Required packages: bold
, seqinr
, tidyverse
, optparse
Retrieves Cytochrome c oxidase subunit I sequences from BOLD (Barcode Of Life Data System).
Arguments:
-i
: Path to species xlsx file. Must have a "Species" column.
-g
: Group to subset.
-o
: Directory to save sequences in.
-m
: Max number of sequences per species to retrieve. Defaults to all.
Example use:
Navigate to the zooplankton_barcode directory in a terminal, and run:
Rscript get_bold_seqs.R -i data/species.xlsx -o test_out -g Salpida -m 1
To view help, run:
Rscript get_bold_seqs.R -h
Sequences will be named SPECIES_NAME|SUBSPECIES_NAME|MARKER_GENE|SAMPLE_ID|PROCESS_ID
. Individual sequences will be stored in an individual_seqs
folder within the -o
directory, and concatenated in a file GROUP_NAME_combined_seqs.fasta
.
Download MEGA 11 from https://www.megasoftware.net/.
- Open a combined sequence file with "File" -> "Open a File/Session".

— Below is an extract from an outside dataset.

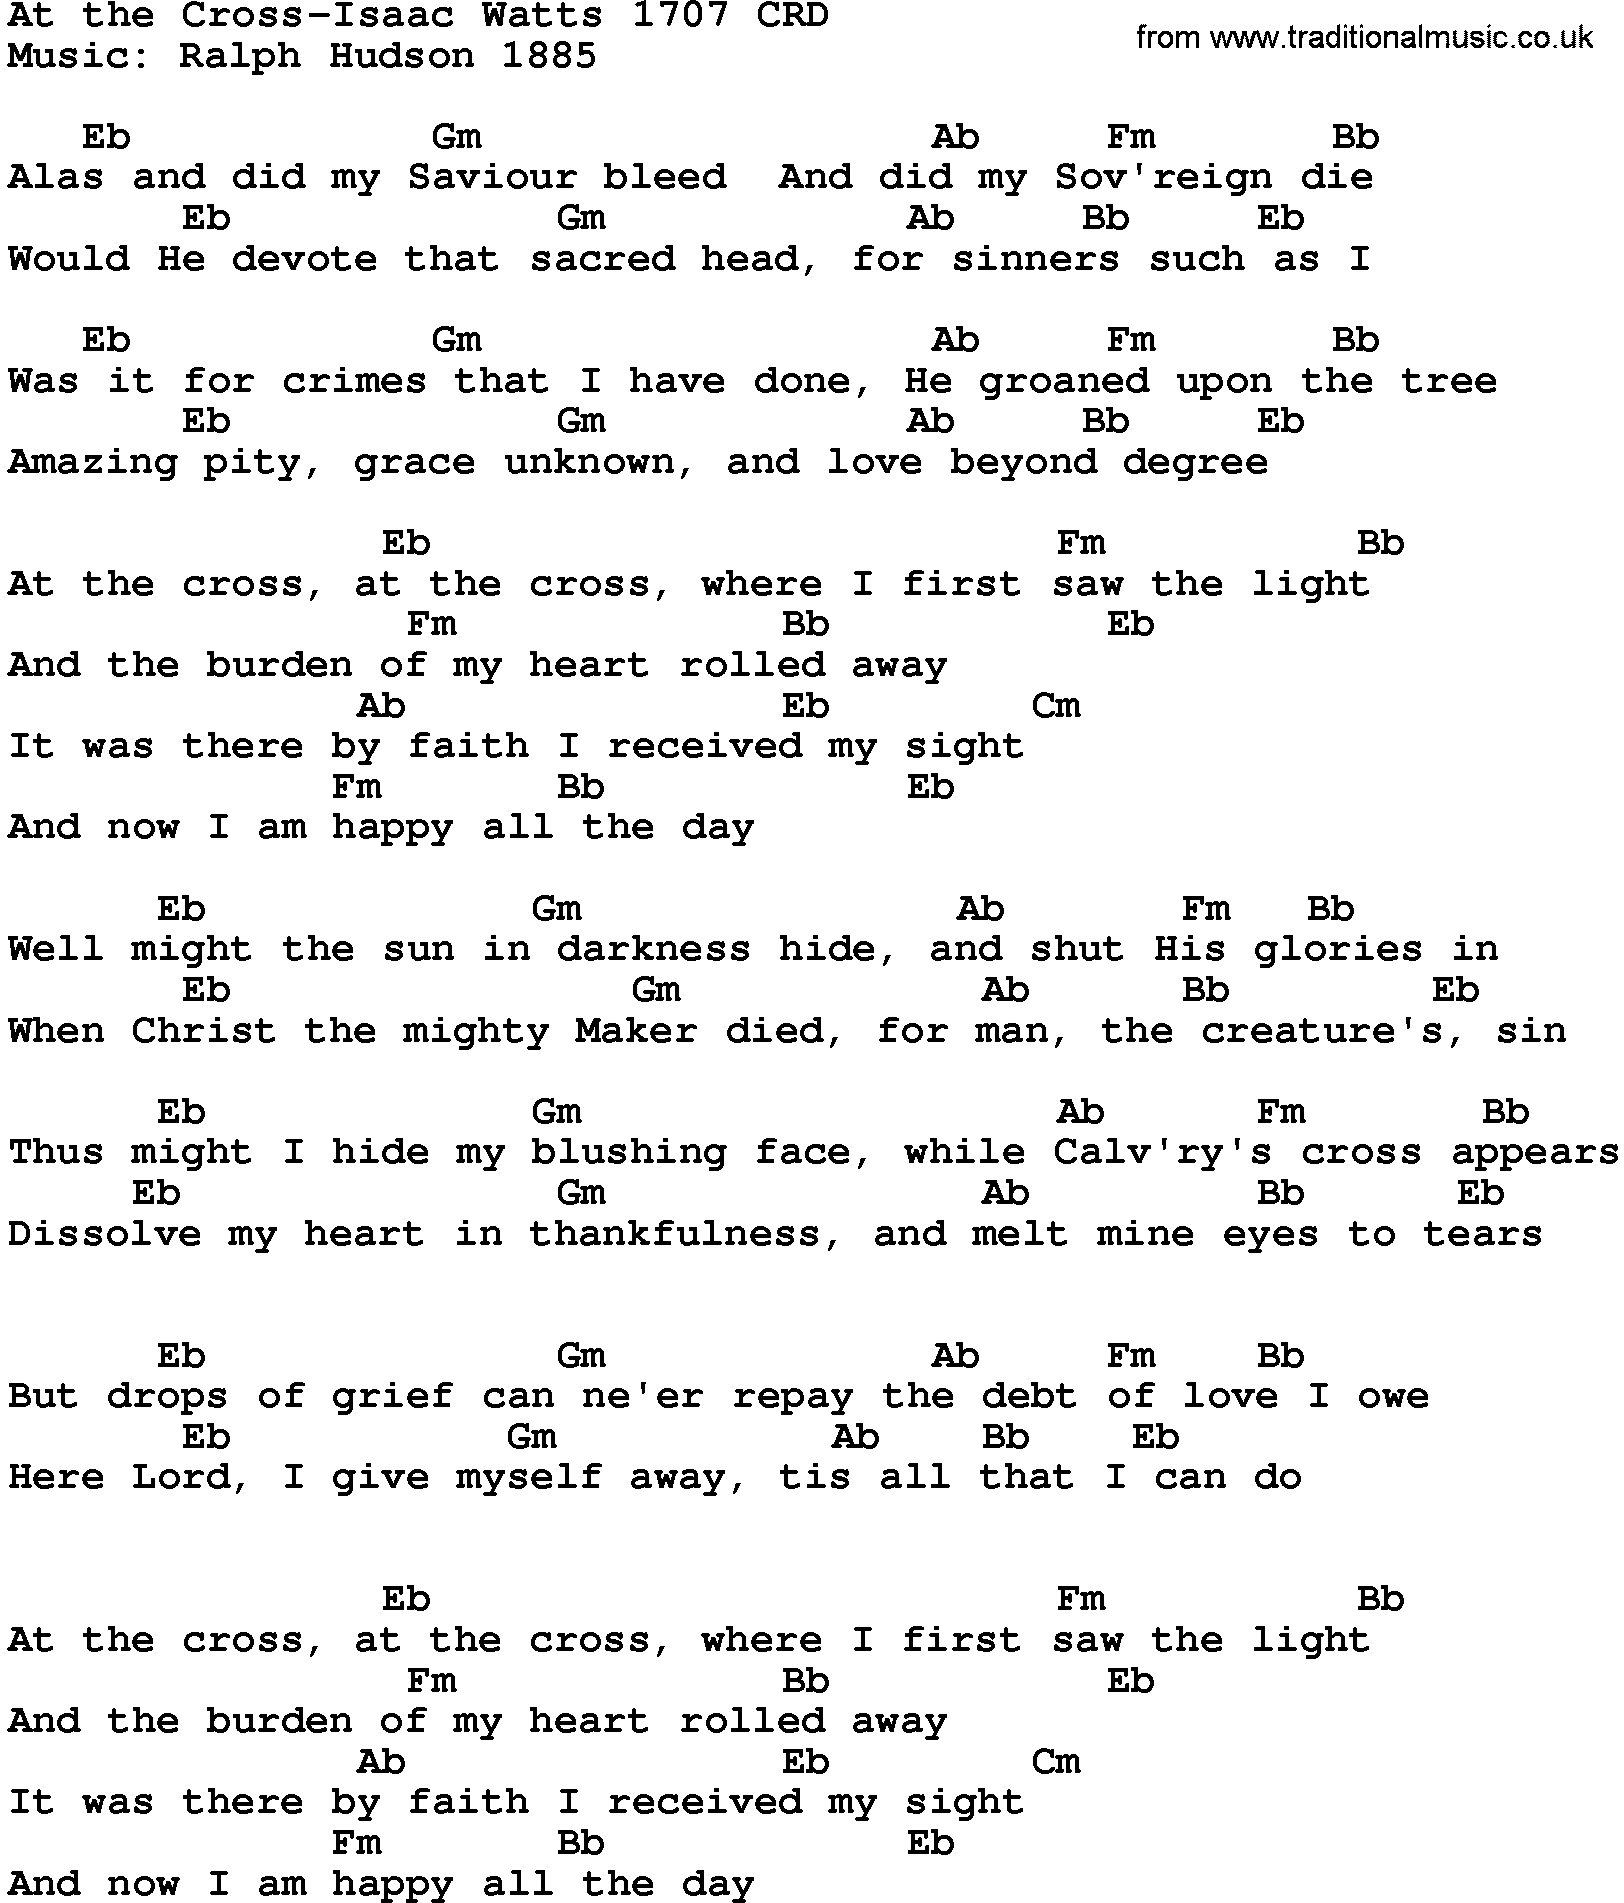 Gospel Song: At The Cross-Isaac Watts 1707, lyrics and chords.

- Select `GROUPNAME_combined_seqs.fn' file.
- Choose "Align"
- Align with "Alignment" -> "Align by ClustalW"
- Choose "OK" when prompted to select all.
- Leave default options, then "OK".
- Once the alignment finishes, delete overhanging sequences.
- Save alignment as a '.mas' file.
- Close alignment window.
- Open the '.mas' file, choose "Analyze".
- Yes to protein coding.
- "Models" -> "Find Best Protein/DNA Model"
- The model with the lowest BIC score is the best fit. Note any "+" items in the name, and their parameter values. E.g. +G means gamma distributed rate, with parameter value in a (+G) column.
- "Distance" -> "Compute Pairwise Distances"
- Use active data. Use ~300 bootstrap replicates, and the best fit model (with gamma distributed rates if applicable).